Personnellement, bachelier à 18 ans, titulaire d'une licence à 21 ans, après une carrière plus que complète (18 à 63 ans), ingénieur DPE à 37 ans, ergonome (master 2 à 54 ans) j'aurais eu le parcours salarial suivant:

Ma contribution à la sécurité sociale et à l'entreprise et mon salaire net tout au long de ma carrière
Cette carrière, je l'ai menée au sein de la DGT (Direction Générale des Télécommunications) des PTT devenue France Telecom, puis Orange. Mon travail a été utilisé en trois parties à peu près égales pour l'entreprise (879 K€), la sécurité sociale (897 K€) et ma vie, ainsi que celle de ma famille (862 K€) dont une partie en impôts pour l'Etat. Tout au long de ma vie, j'ai en effet payé des impôts pour financer l'Etat.

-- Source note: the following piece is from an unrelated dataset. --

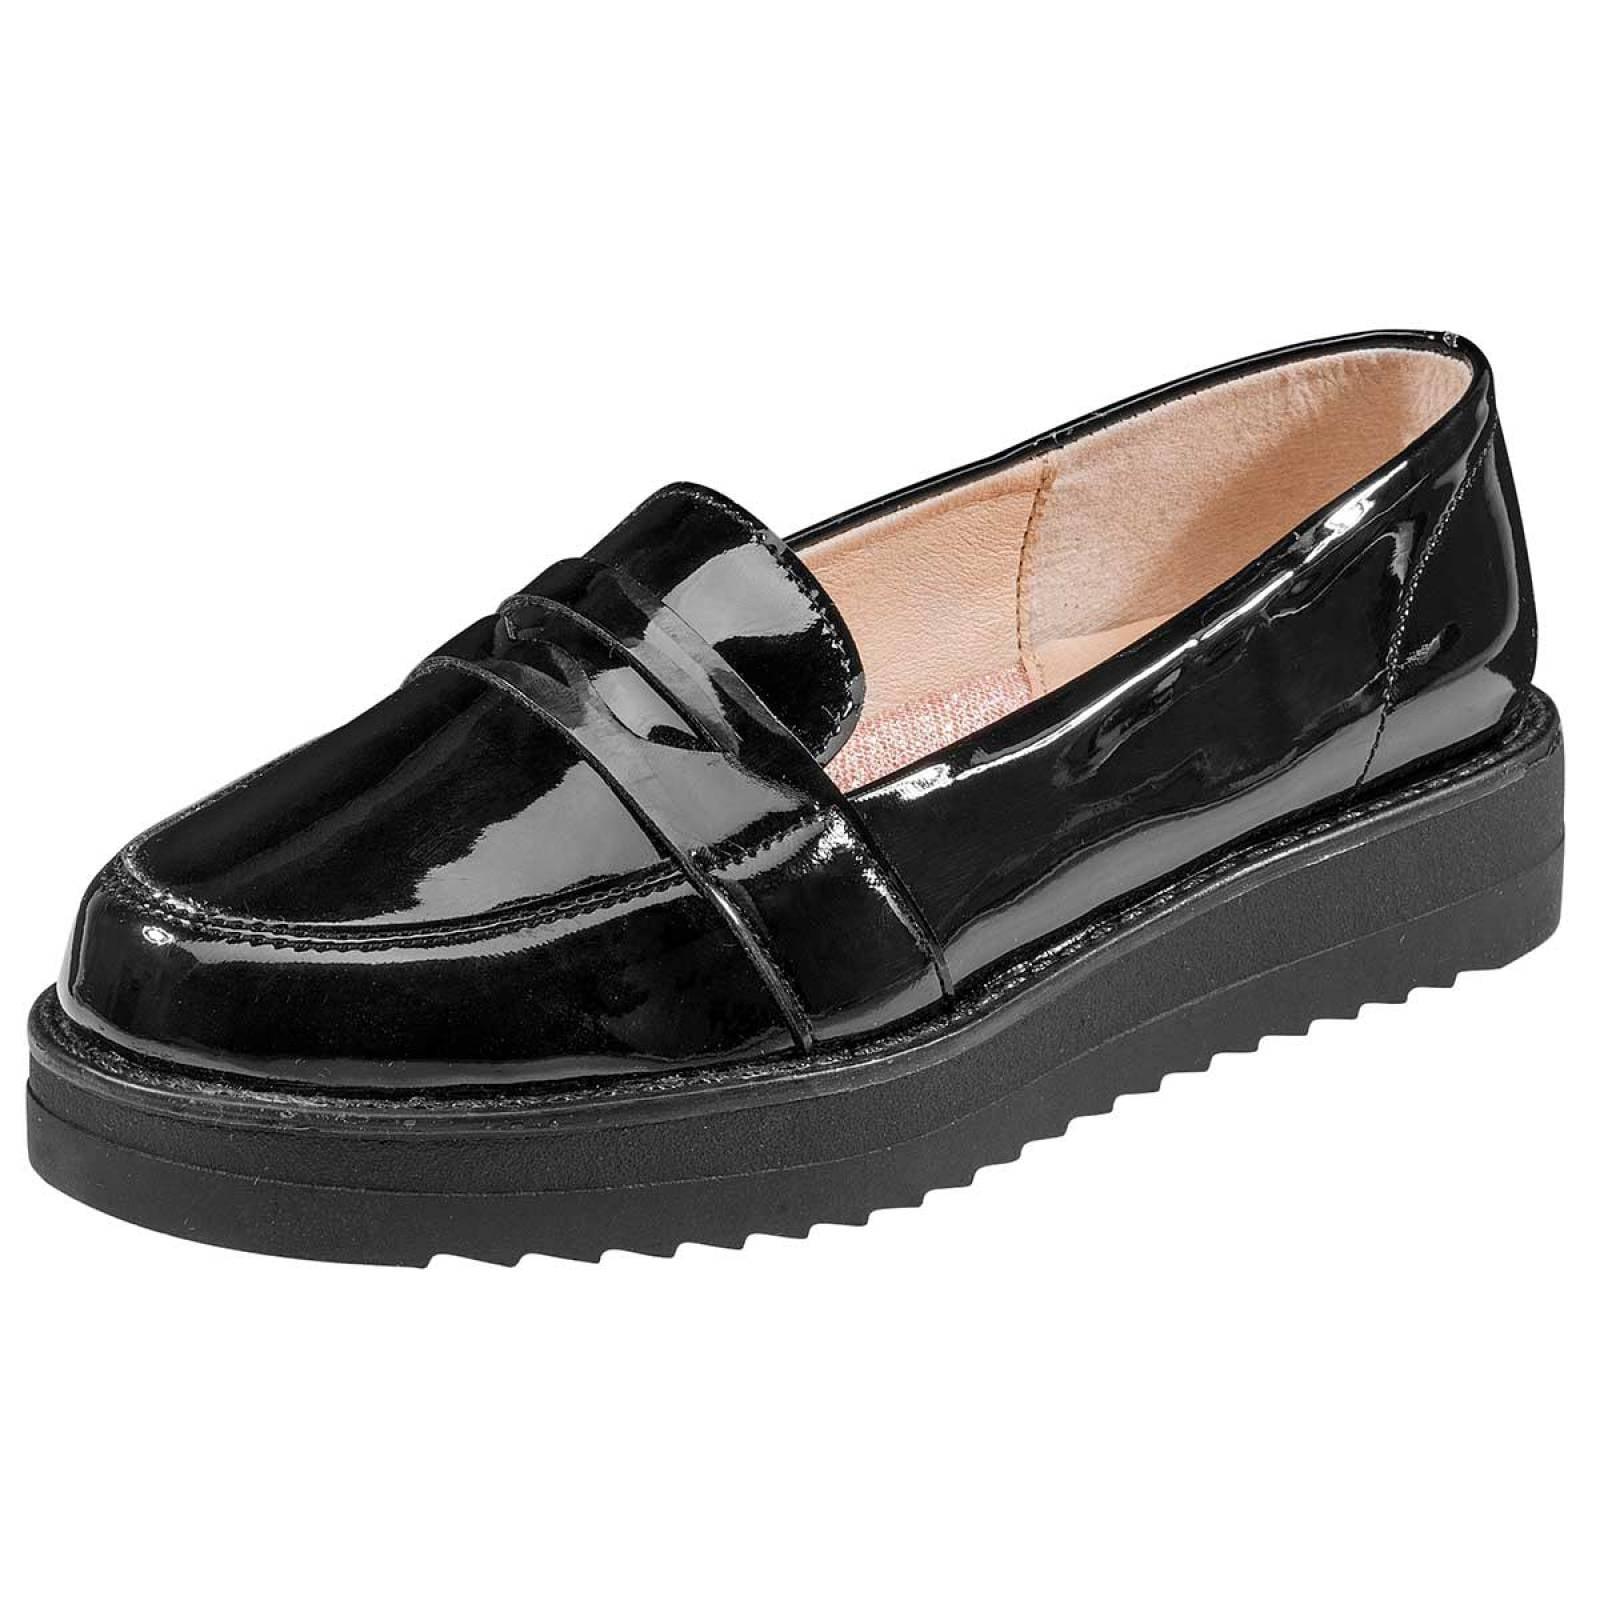 Tropicana Zapato Niña Negro charol

Après 60 ans ma cotisation constituerait un budget que je pourrais mettre à la disposition du projet de mon choix: l'entreprise H2X. Chacun peut reconstituer son parcours de la même façon et revendiquer ses droits:
  • le droit de voter pour mes représentants dans les structures de l'Etat, de bénéficier des services de l'Etat et des collectivités territoriales et d'intervenir en politique;
  • le droit de voter pour mes représentants à la sécurité sociale, de bénéficier de la protection sociale et d'en faire bénéficier ma famille et d'intervenir moi-même dans la gouvernance, pas besoin d'Etat;
  • le droit de voter pour mes représentants au conseil d'entreprise dont je partage le propriété d'usage avec mes collègues, de bénéficier des infrastructures matérielles et humaines de l'entreprise pour mener mon parcours et d'intervenir dans les décisions stratégiques;
  • le droit de disposer de mon salaire net pour moi et ma famille, ainsi que les causes pour lesquelles je milite.
Chacun peut faire cet exercice pour comprendre à quel point son travail est mal reconnu actuellement et pour imaginer une société de liberté, plus égalitaire et plus fraternelle.